В своей практике работы на восточных фронтах капитан уже не однажды встречался с такими порезами, почти правильными и глубокими, сделанными в порыве жестокости.
Аглая не выдержала и отвернулась:
— Какой ужас!
— А вы не морщитесь, — ответил Сивицкий. — Это страшно только смотреть. Ятаган по сравнению с русским штыком — оружие весьма слабое, и раны заживут очень скоро. А ты, братец, — обратился он к солдату, — видать, хихикал от щекотки, когда на тебе такой узор выводили?
— Да нет, ваше благородие, — смутился герой, — коли по совести сказать, так я мертвяком прикинулся. Иначе бы мне несдобровать. Нас-то, лежачих, — сказывал он, морщась от йода, — турки словно капусту мельчали, только в бочку не солили. Кажись, и не злится басурман, а так себе, знай режет да режет, пока всего в плахты не иссечет.
— Это они умеют, хлебом не корми, — сказал Сивицкий, очищая порезы. — А ты на войну по своей воле пошел или взяли?
— А как же, ваше благородие. Мы яснополянские, по Тульской губернии состоим. Наш барин-то, граф Толстой, уж на что смиренный человек, а и тот в Сербию хотел пойти. «Вся Россия, — говорил, — тепереча там, ну, значит, и я должон пострадать…»
— Больно? — спросил Сивицкий.
— Притерпелось уже. Не так чтобы…
Сивицкий взял операционную иглу — велел солдату отвернуться:
— Лежи смирно. Я тебе вот зад сейчас заштопаю, домой прибежишь с войны — и жена не узнает.
Острые лопатки солдата мелко тряслись:
— Ой, не смешите меня, ваше благородие. Как засмеюсь — так больно…

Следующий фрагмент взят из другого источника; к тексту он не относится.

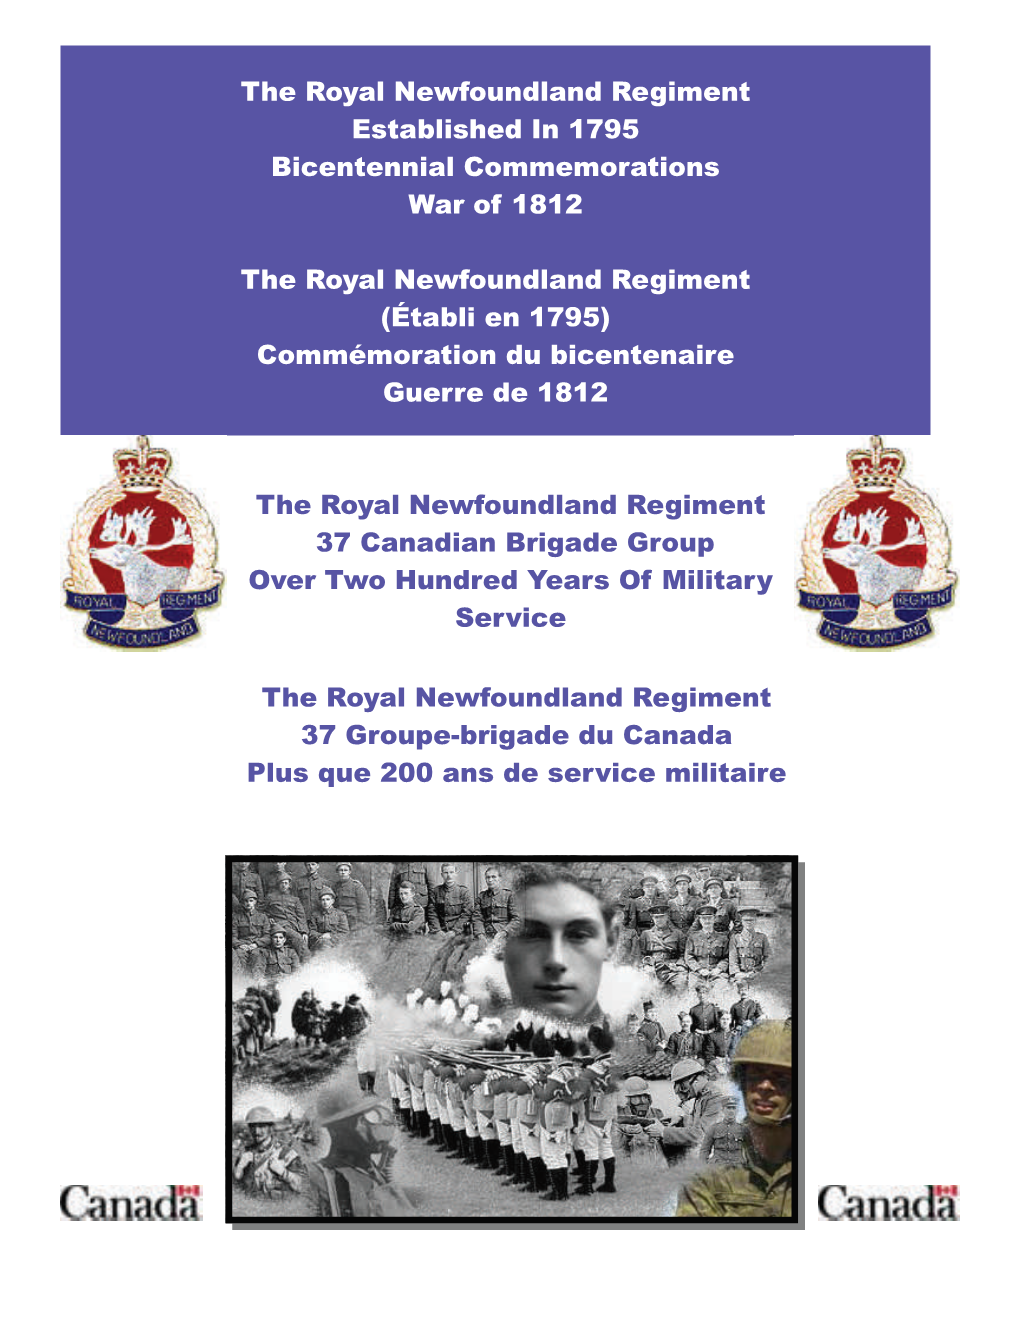 The Royal Newfoundland Regiment 37 Canadian Brigade Group Over Two Hundred Years of Military Service
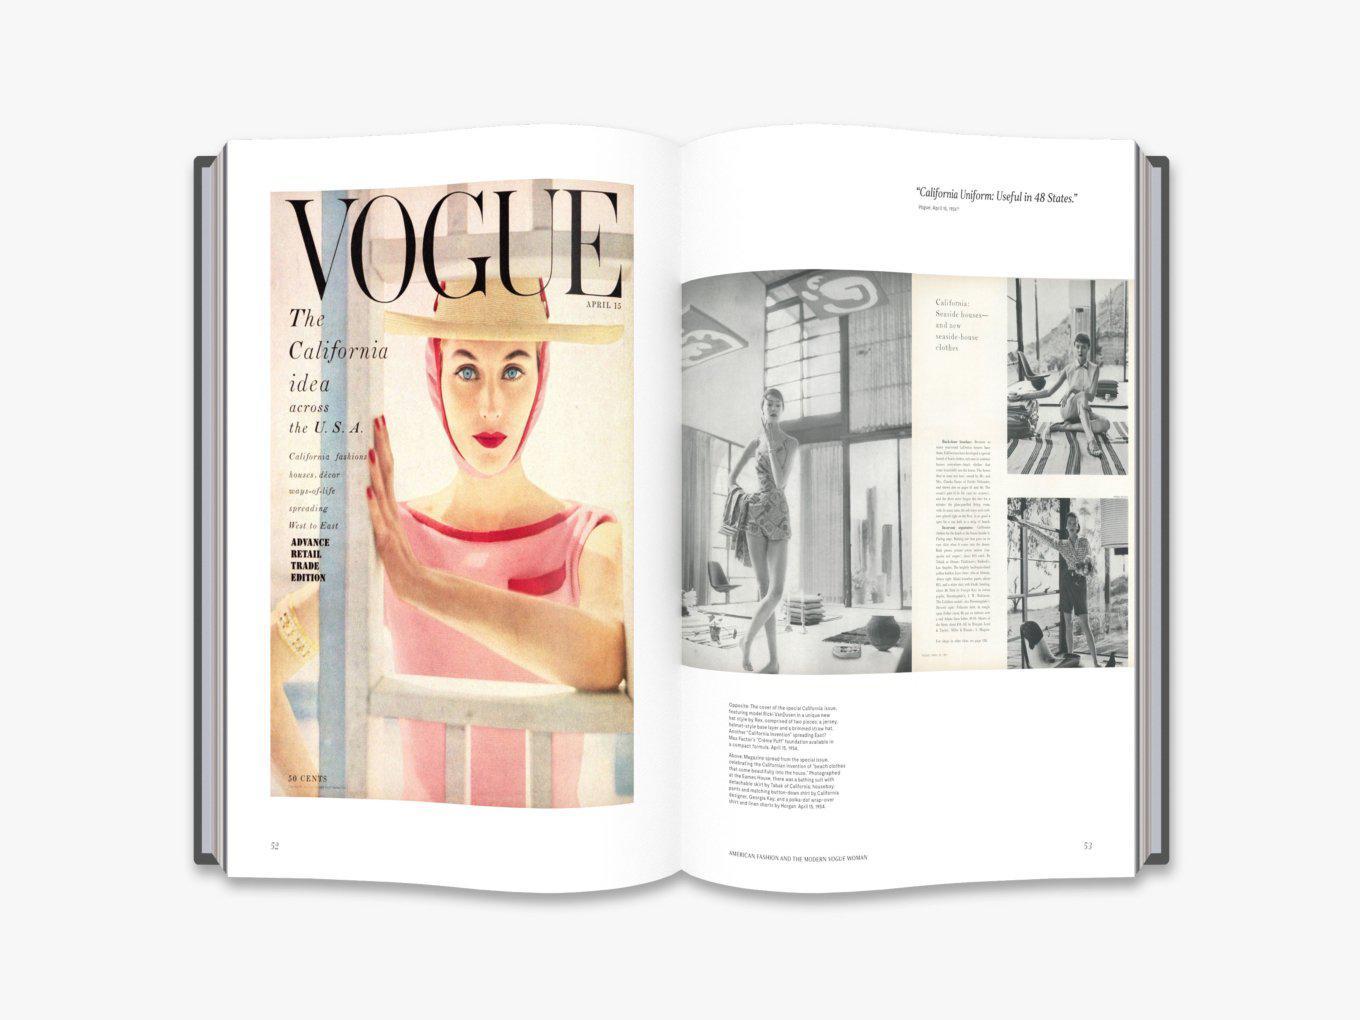 THAMES & HUDSON - 1950s in Vogue The Jessica Daves Years - Coffee Table Book-TOJU Interior

Китаевский подошел к столу:
— Александр Борисович, я закончу солдата, а вы пройдите к Пацевичу, с ним что-то нехорошее… Кажется…
— Что вам кажется?
— Конец, кажется…
Сивицкий сначала прошел в свою клетушку, отыскал окурок цигарки и с жадностью дососал его до остатка. Что ж, у них могли быть столкновения по службе, они могли не любить один другого, но сейчас, как врач, он сделал все для спасения жизни полковника.
Да, полковник умирал.
— Вы что-нибудь хотите? — спросил его Сивицкий.
— Нет, — вразумительно ответил Пацевич. — Мне сейчас хорошо… Я уже близок к истине.
— Но я не Пилат, а вы не Христос, — улыбнулся врач.
— Я… заслужил презрение, — сказал Пацевич. — Так?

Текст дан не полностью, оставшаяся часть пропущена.